Сын не понимал, о чём идёт речь, сведя вместе брови, пытался сосредоточиться, но экран внезапно погас.
— Ты ещё не окреп, — повернулся к нему отец.
— Это и есть «древо познания»?
В глазах сына застыл вопрос. Но отец надеялся, что, повзрослев, он перешагнёт через него, как через песчаную горку.
Годы шли тихо, всех событий было: неурожай яблок, побитых поздними заморозками, да смерть канарейки, которую сменил зобатый скворец.
Случалось, приходили гости, возбуждённо махали руками, передавая городские новости. На улице только и разговоров было, что о нововведениях, и за столом, как попугаи, разбирали правительственные указы, обсуждали «дефицит бюджета» и «биржевые индексы». Звякали ложки, и сын за обедом слышал множество фамилий, которые не попадались в книгах. «Послушать, так у вас каждый день что-нибудь случается, — равнодушно замечал отец. — А мир врыт по самое своё основание, его и на йоту не сдвинуть. Попробуйте-ка добиться, чтобы не брали ваши тапочки или ставили на место тарелку». А вечером, укладывая сына, внушал: «Учись, сынок. Алгебра вечна. И музыка. И солнце. А времена приходят и уходят».
А потом зачастил один человек. Он крутил маленькой, как у змеи, головкой, крепившейся без шеи на покатые плечи.
— Ну что ты завёл его себе на забаву! — стыдил он отца, глядя, как сын бегает по дому с павлиньим пером. — Хочешь одиночество скрасить? Он же не игрушка, а ты взаперти держишь. Птицы, и те на волю рвутся…
— А что там, на воле? — хмурился отец. — Мало мы её хлебнули? Сидим вон, как потрёпанные петухи… — Широко разведя пальцы, он запустил в шевелюру пятерню. — Вот говорят: «Жизнь закаляет». А как? Дубит кожу, нечувствительной делает, толстой. Нет, успеет ещё желчью изойти…

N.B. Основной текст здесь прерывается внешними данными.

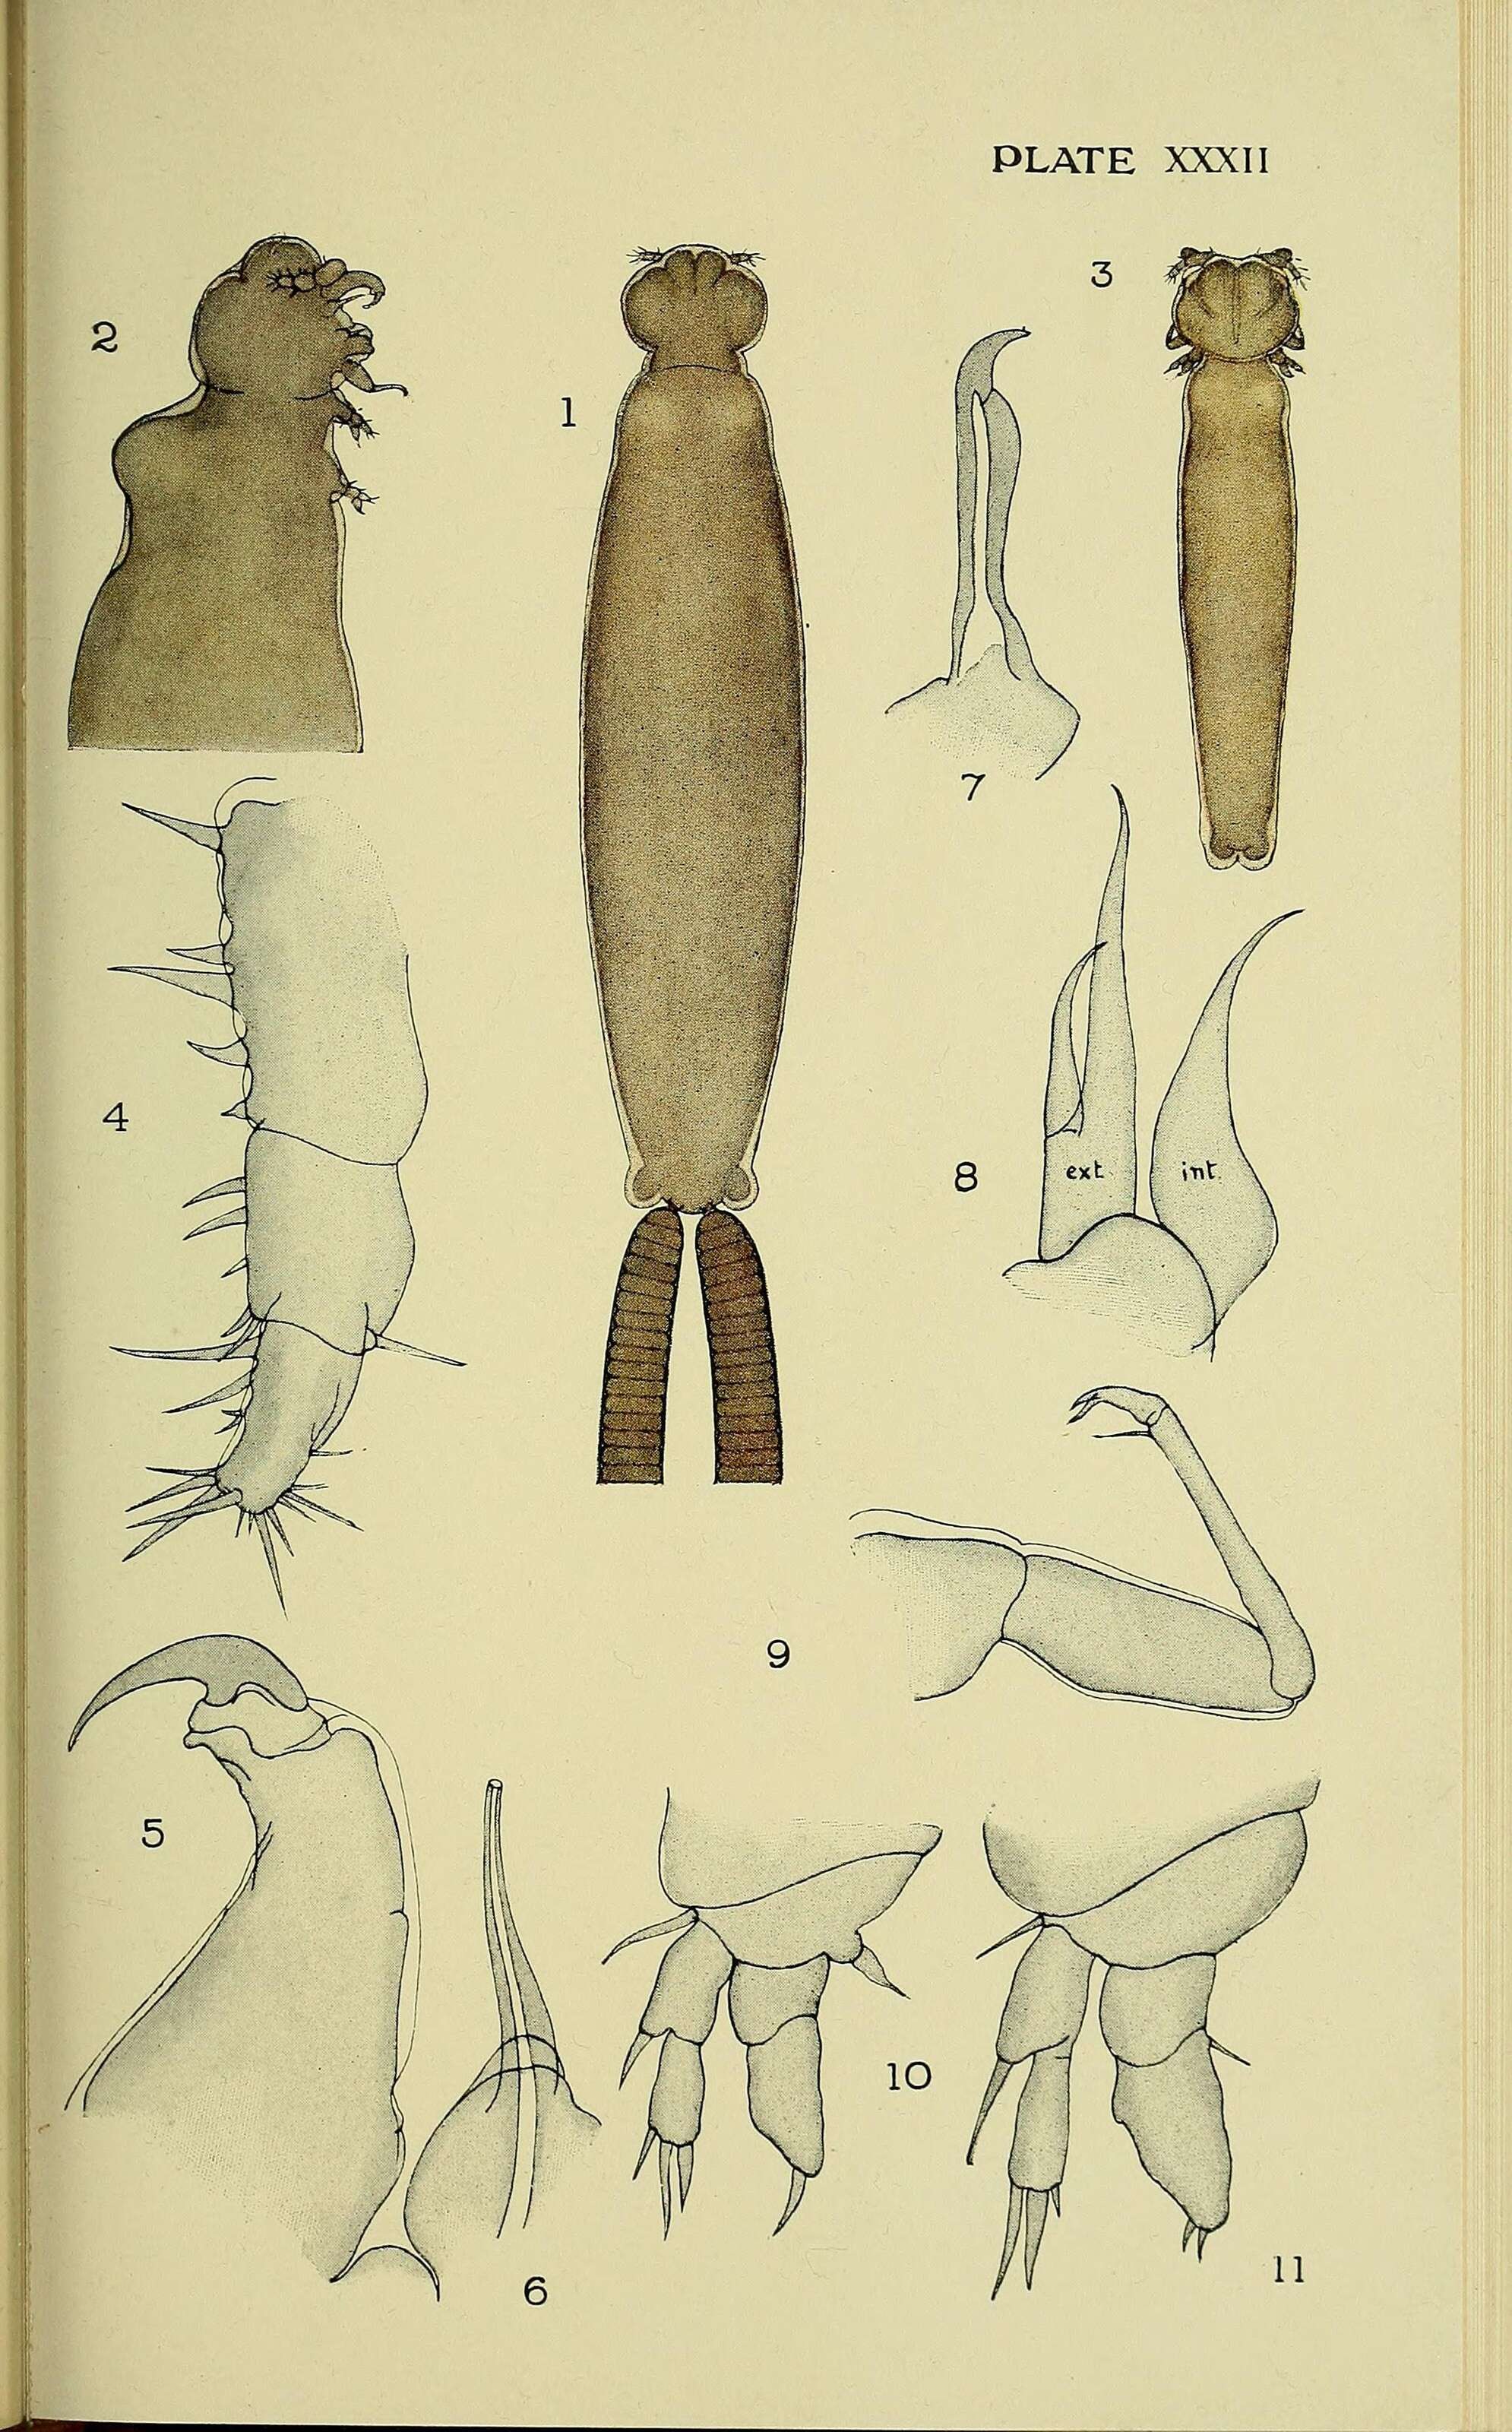 Sivun Siphonostomatoida Burmeister 1835 kuva

Змееголовый развёл руками.
— Конечно, пускай хоть в детстве… — Он уныло следил за беготнёй, в которую включился сенбернар. Но, промокнув платком вспотевшую лысину, точно высморкался: — А всё же нельзя наперекор природе идти — толку не будет.
— Поживём — увидим… — отрезал отец.
И увидел. Год спустя, расхаживая по комнате с книгой, он диктовал громко и размеренно: «Со скорбию будешь питаться от земли во все дни жизни твоей. Терние и волчцы произрастит она тебе; и будешь питаться полевою травою». Сын, склонив голову набок, едва поспевал. «Стоила ли игра свеч? — прервался для отдыха отец. — Узнать про добро и зло такой ценой — всё равно, что совать руку в огонь, чтобы узнать про ожог».
«Э-э-э…» — замотал головой сын, выводя чётким, недетским почерком: «Любое знание даётся с болью».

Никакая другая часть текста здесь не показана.